Community Magazine

Time

By Specialneedmom2 @specialneedmom2

Someone recently asked me, “What do you view as the challenges of raising a child in today’s world?”

My original answer follows below:

Being too busy.  Work-life balance.  Multitasking.  These are things we all struggle with, whether you work outside the home or not.

I find it hard to drop everything and just play with my children.  I try to find time to just be in the moment with my children, follow their lead and interact with them (and not worry about what else I need to do).  I think this is so important for everyone – as a parent you can be awed at how wonderful your child is, and as a child you thrive under the attention of your parent.
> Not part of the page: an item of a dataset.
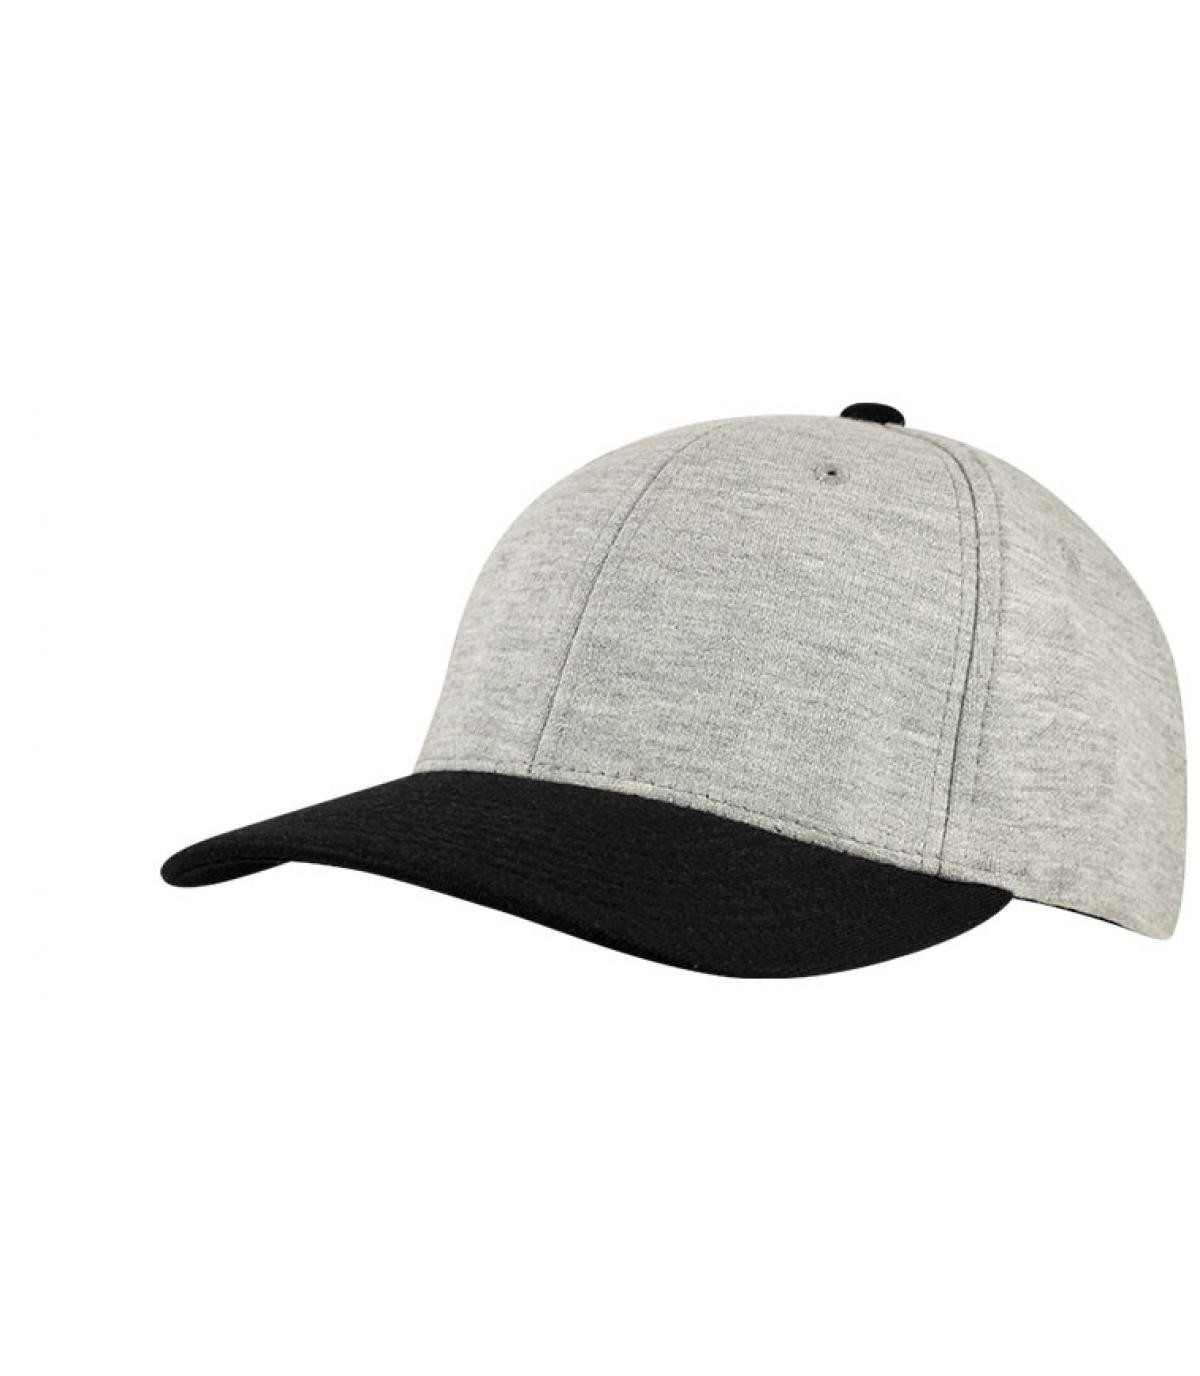 Détails Casquette jersey gris noir - image 3

I am acutely aware of how time flies and how short childhood really is.  Some afternoons feel like forever, but weeks and months fly by in a blink of an eye.  I want to be there with my children.

The other night I left dirty dishes piled up, my work bag unopened and spent the evening drawing and doing crafts with my three year old and five year old.  We created fantastic worlds and imaginary creatures, and told stories about them.  My five year old took the drawing we made together to bed with him, and grabbed it first thing the next morning.

I am now behind in work, but I know my time was better spent doing something meaningful with my children, because that’s what is really important.

This is the end of my orginal response, but I’ve spent some time thinking about it since.

I now need to say the biggest challenge is time.  Time in all of it’s complex apsects -  finding time, making time, allocating time, spending time.

Time is the currency of our modern times.  We spend it, share it, give it up, save it for ‘me time,’ waste it, and run out of it.  Time is more valuable than money – we talk about time-savers, multitasking, and spend money on all kinds things that save us time.  Think about it – we spend money on dishwashers, toll highways, drive thrus – all in an effort to save some time.  Time and money are inextricably linked.

Our econonmy runs on time - hourly wages for worker’s time, commission for time on task, deadlines, due dates – all ways to say time is money.

What happens when we impose this belief on childhood?

For anyone with children we know time marches on in a blur of lunch time, bed time, and nap times.  Children grow and change over time.  Afternoons feel like eternity and months fly by in a moment.

But think about it – children do not intuitively grasp time.  This is the most challenging thing to teach them.  Children need to be developmentally ready to understand time, usually around grade two.

As parents we need to take a child’s perspective of time – and slow down to watch the sun rise and set, take naps, eat lunch and spend time together.